Task to carry out: Print the whole listing below exactly as given, pictures excluded.

Exercise data:
↓↓↓

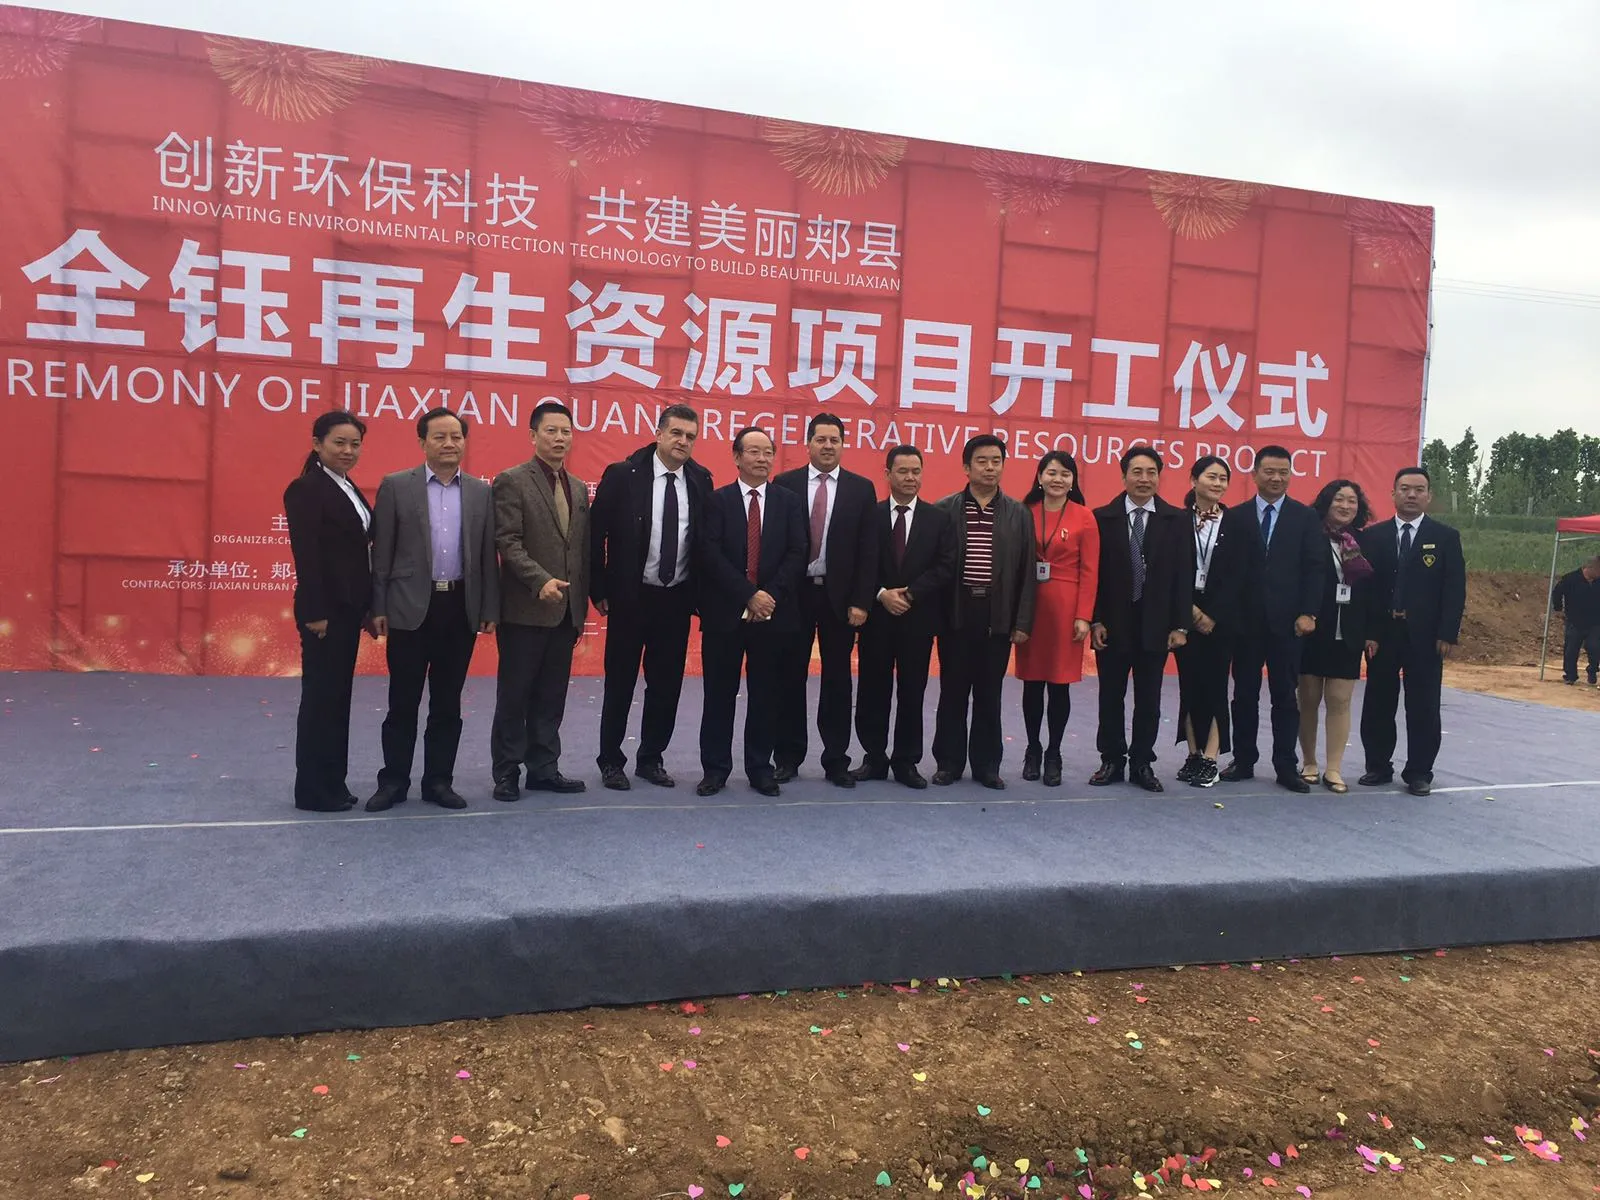 You are currently viewing Ground-breaking ceremony for the first plant in Jiaxiang, Henan Province.
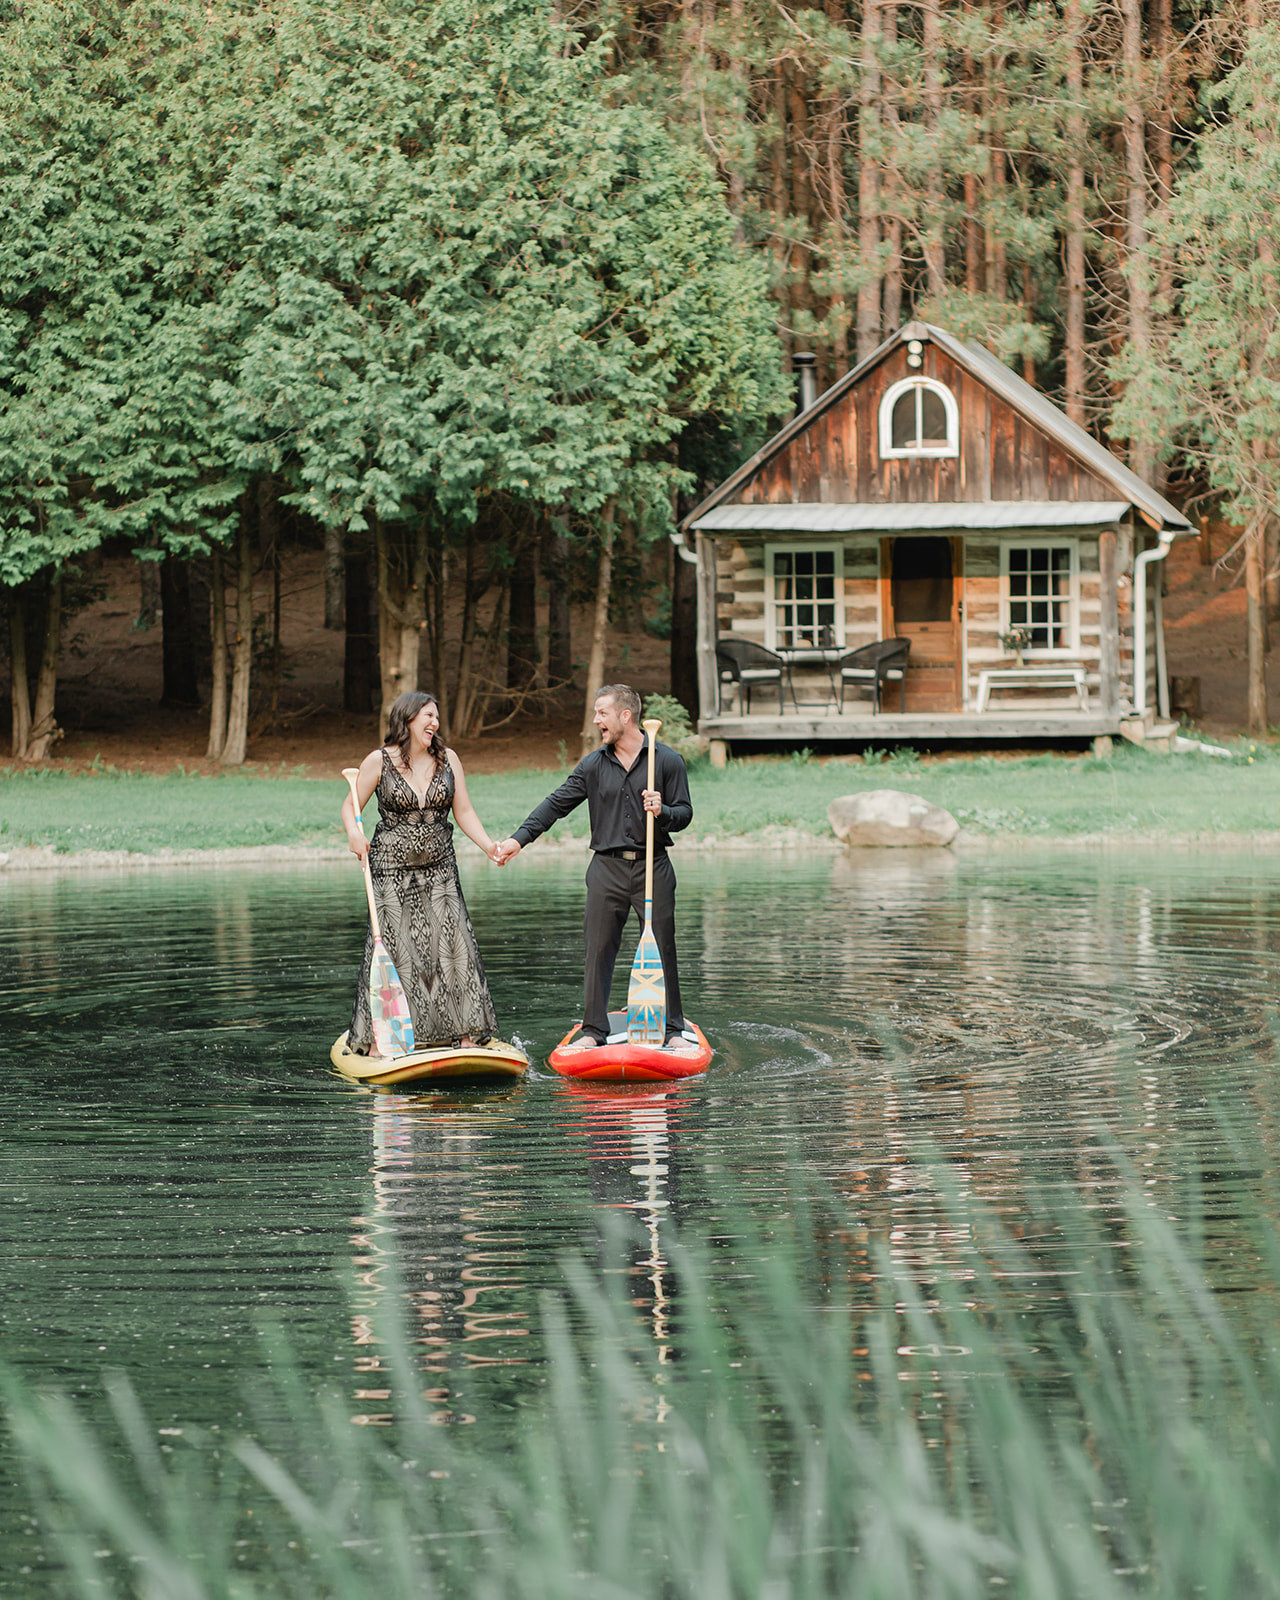 A wedding near Toronto Ontario at a cute cabin in the woods. Paddle boarding adventures! 
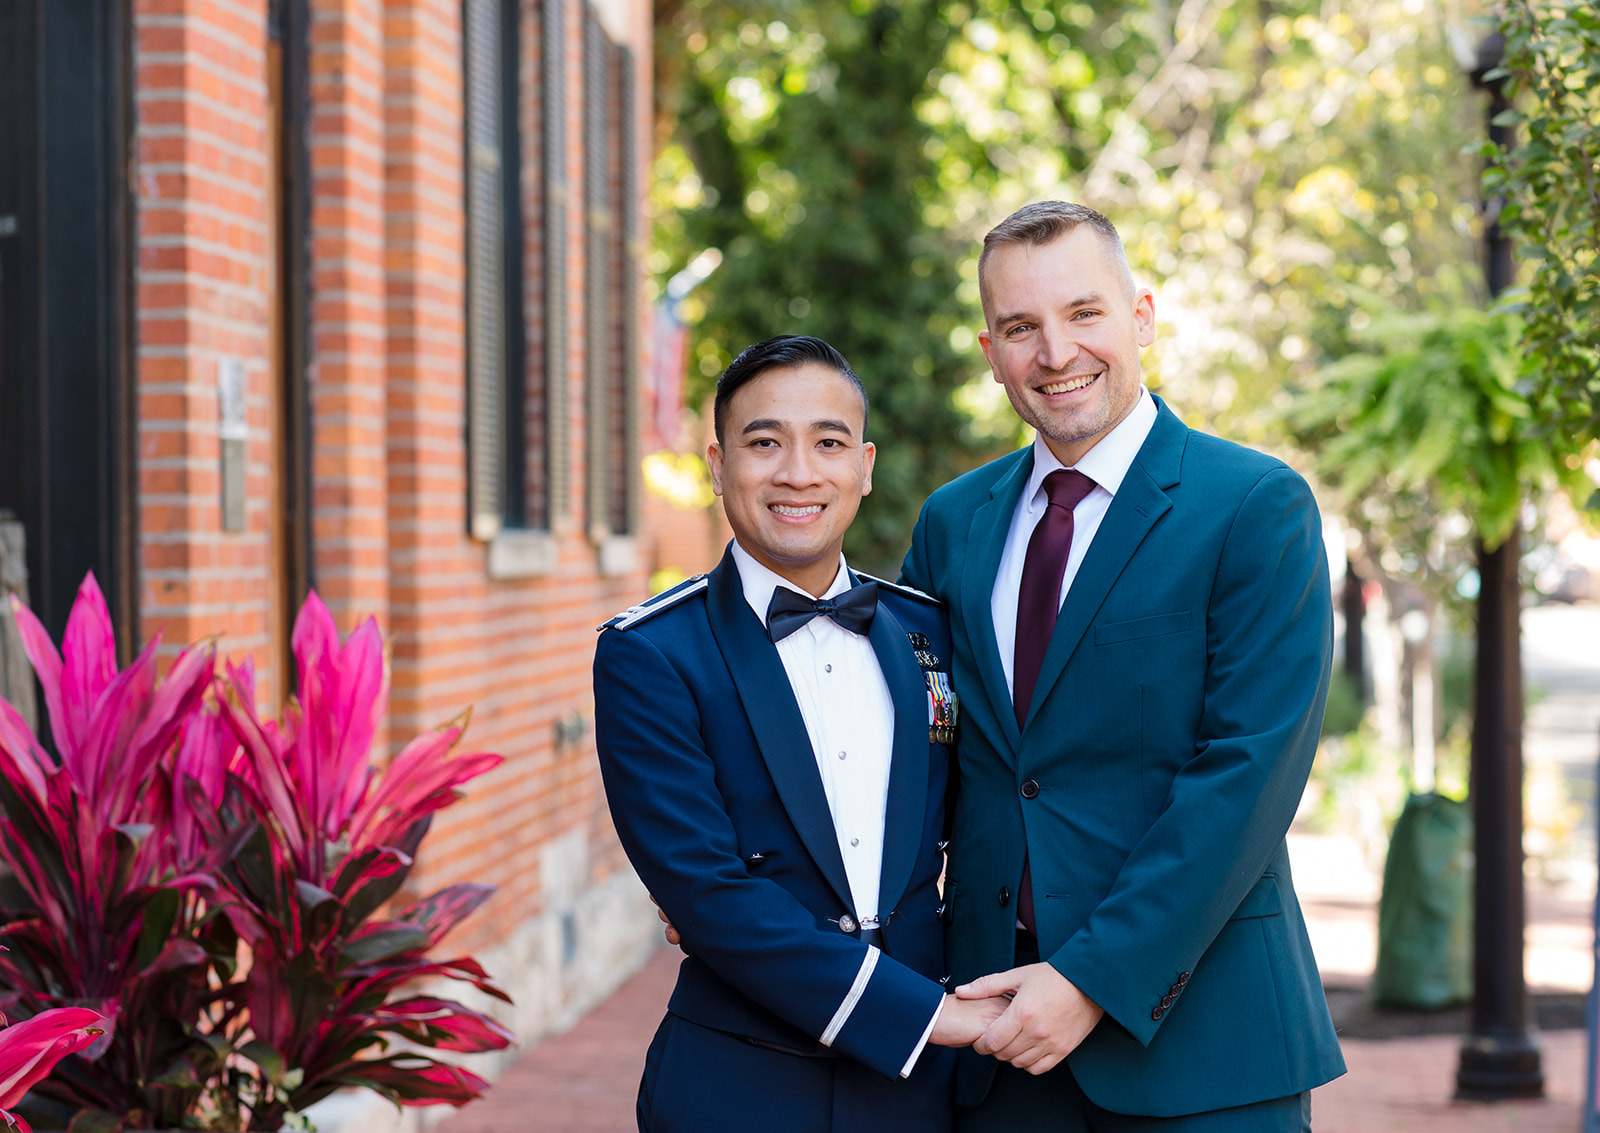 Two grooms hold hands and smile at the camera

↑↑↑

Task answer:
 You are currently viewing Ground-breaking ceremony for the first plant in Jiaxiang, Henan Province.
 A wedding near Toronto Ontario at a cute cabin in the woods. Paddle boarding adventures! 
 Two grooms hold hands and smile at the camera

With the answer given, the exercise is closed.